The Bank of England’s governor, Mark Carney, has said that the ‘Brexit effect’ is starting to take hold as we see a slowdown consumer spending. Many economists and financial experts have been warning since the June 23rd referendum that the slowdown was possible, even inevitable, as the economic climate shifts to one of uncertainty.
Essentially, the slow growth in consumer spending is showing that UK households are refusing to buy what they perceive as unnecessary items, preferring to focus their spending on necessary everyday items like food and petrol; the basics we need to get by.
Adding further pain is a recent report that showed that consumer lending was also down, and with fewer people applying for credit at a time of economic uncertainty, and with banks finding themselves lending to commercial, rather than personal, customers, there’s less money floating about the economy.
And it’s Carney’s belief that this slowdown in consumer spending can be blamed on the UK’s decision to leave the European Union.
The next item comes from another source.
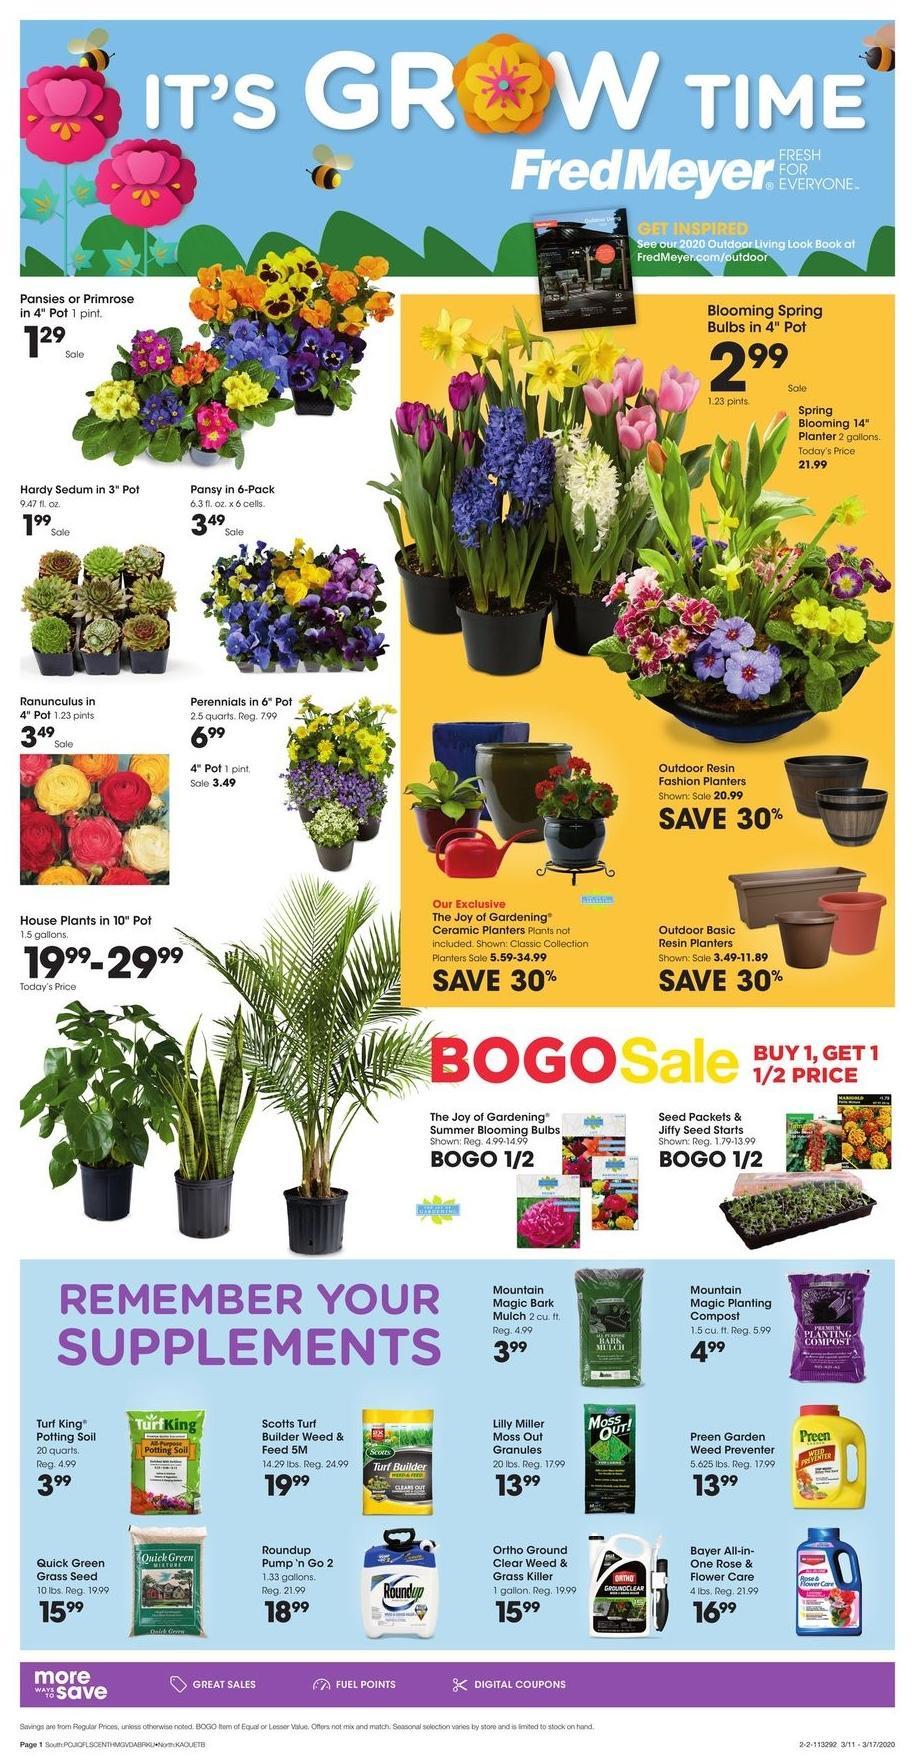 Fred Meyer Garden Weekly Ad & Specials from March 11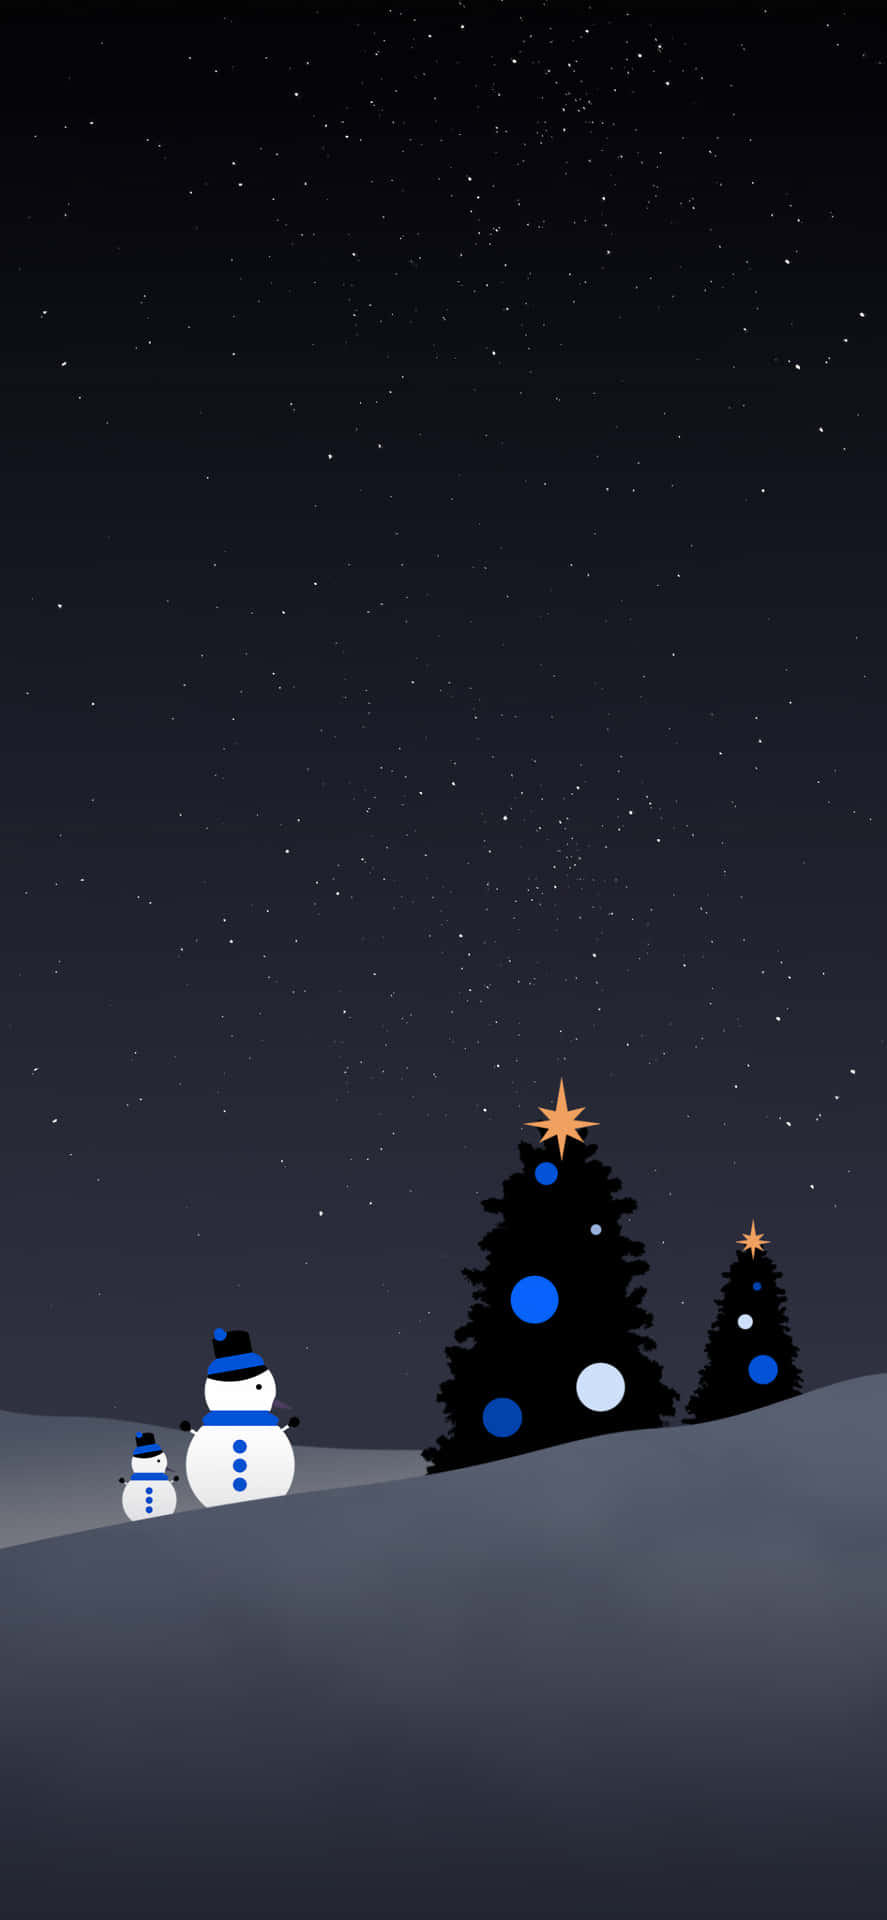 Enjoy the magic of Christmas night with friends and family Wallpaper

His statement followed the Bank of England’s release of the Quarterly Inflation Report, where he told gathered reporters that:
‘For some time, the responses of financial markets and households to the UK’s decision to leave the EU have diverged. In its February projections, the MPC expected that this tension between consumer strength and relative financial market pessimism would be reduced over the course of this year. That process has now begun. With wage growth moderating and inflation picking up, both household spending and GDP growth have slowed markedly.’
This comes, despite the fact that wages are not currently maintaining pace with rising inflation (wage growth sits at 2.2% to 2.3% inflation), which ultimately means we’re getting paid less while prices rise.
No wonder, then, that UK households are being forced to tighten their budgetary belts and being financially prevented from spending out on ‘luxury items’. However, while the decrease in spending has now begun ‘in earnest’ – it’s not just a blip in the financial forecasts – Carney was also keen to allay fears over a prolonged slowdown, saying:
‘The factors currently weighing on wage growth are unlikely to persist, and it [the MPC] projects that wages will rise significantly as the output gap narrows throughout the forecast period and closes by the end.’
Tellingly, the Bank of England also cut its growth forecast for the year from 2% in February to 1.9% in May, reporting that:
‘The Committee judges that consumption growth will be slower in the near term than previously anticipated before recovering in the latter part of the forecast period as real income picks up.’
But while the consequences of Brexit and its full effect on the economy are still unknown, it’s not all bad news for growth, with the Bank of England revising its forecast for 2018 from 1.6% to 1.7%; they also project growth to be at 1.8% in 2019.
However, that’s going to feel like small beer for the squeezed budgets of households across the country right now.